Celeste Gonzalez: Yes.

Gianluca Fiorelli: So, mostly because you were saying that the experience can also happen in the SERP, making your brand pervasive and visible everywhere. And that everywhere presence should match with, for instance, a YouTube video that can be watched directly on the SERP.

Celeste Gonzalez: Yes.

Gianluca Fiorelli: So you should think about a YouTube video in a way that offers a good experience, even if it’s on the SERP. I know that can be quite difficult for certain people to understand, but it's the same fact that the container is different from a classic YouTube or a television. To be more common, to be seen, to be watched on YouTube, you have to consider this kind of influence from the container on your content. 

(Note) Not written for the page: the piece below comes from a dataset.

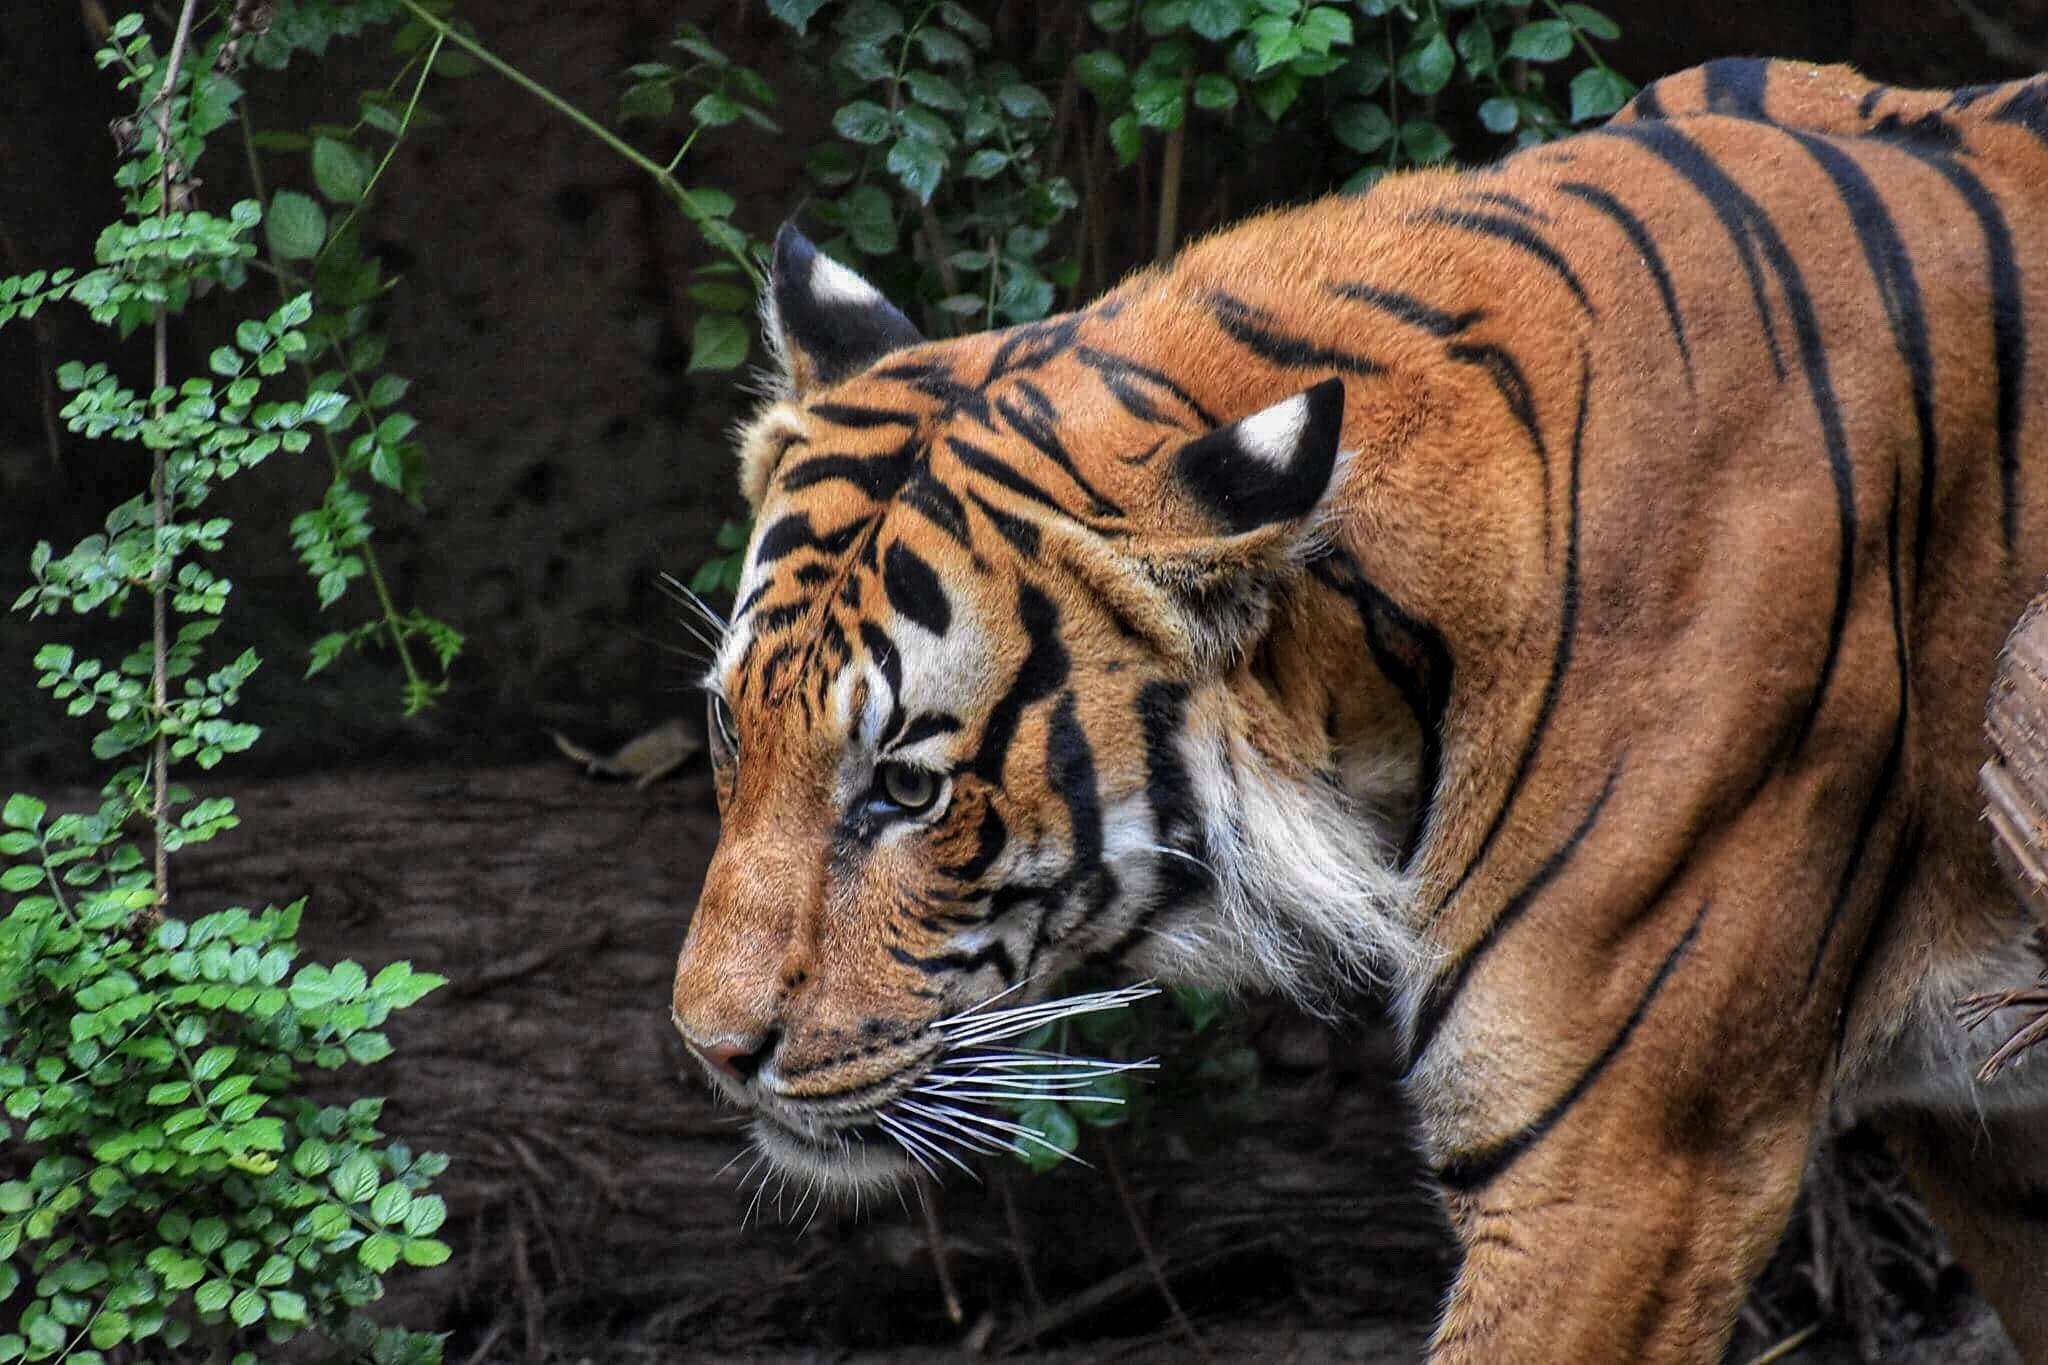 Brown and Black Tiger Beside Wood Log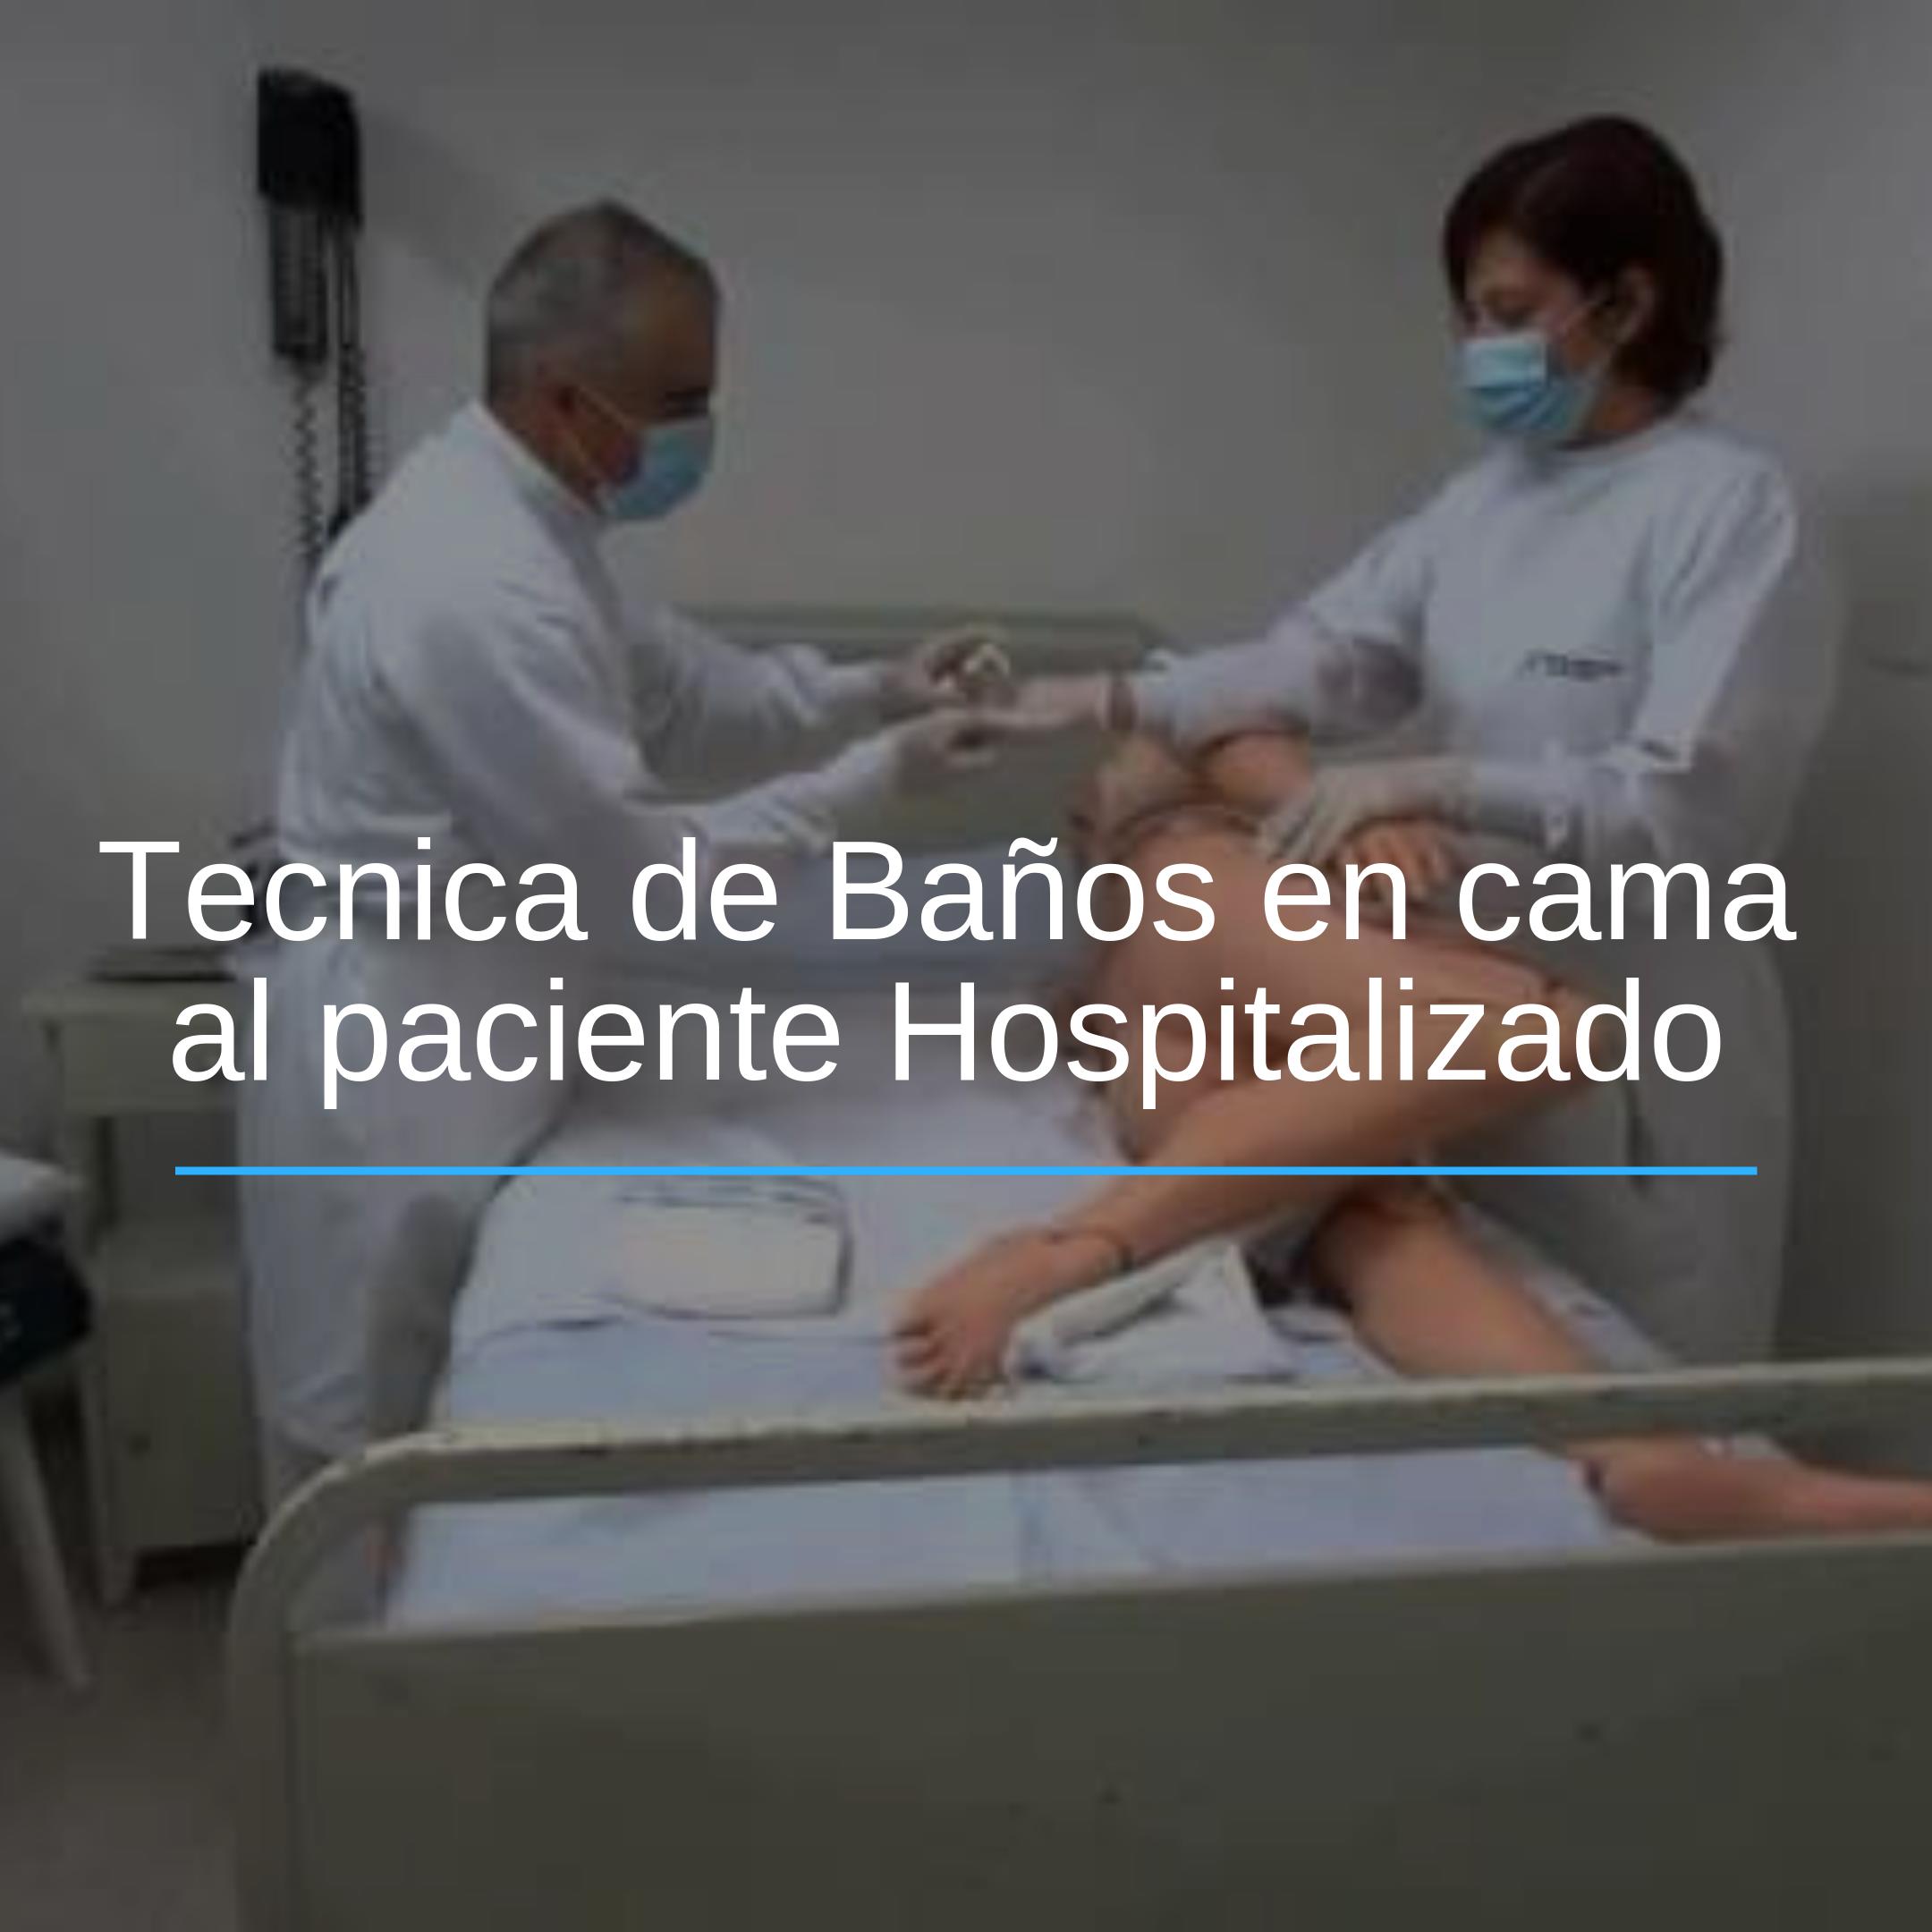 El Bano En Cama A Pacientes Hospitalizados Es Conjunto De

Another way I explain experience, because I was also talking about experience optimization many years ago, especially when collaborating with in-house teams as a consultant, is to align the concept of experience, as you’re describing it, with what Google has already been telling us.

Celeste Gonzalez: Yes.

Gianluca Fiorelli: It’s not a case that things like speed, security, and all these aspects of a website are put under page experience in Google Search Console.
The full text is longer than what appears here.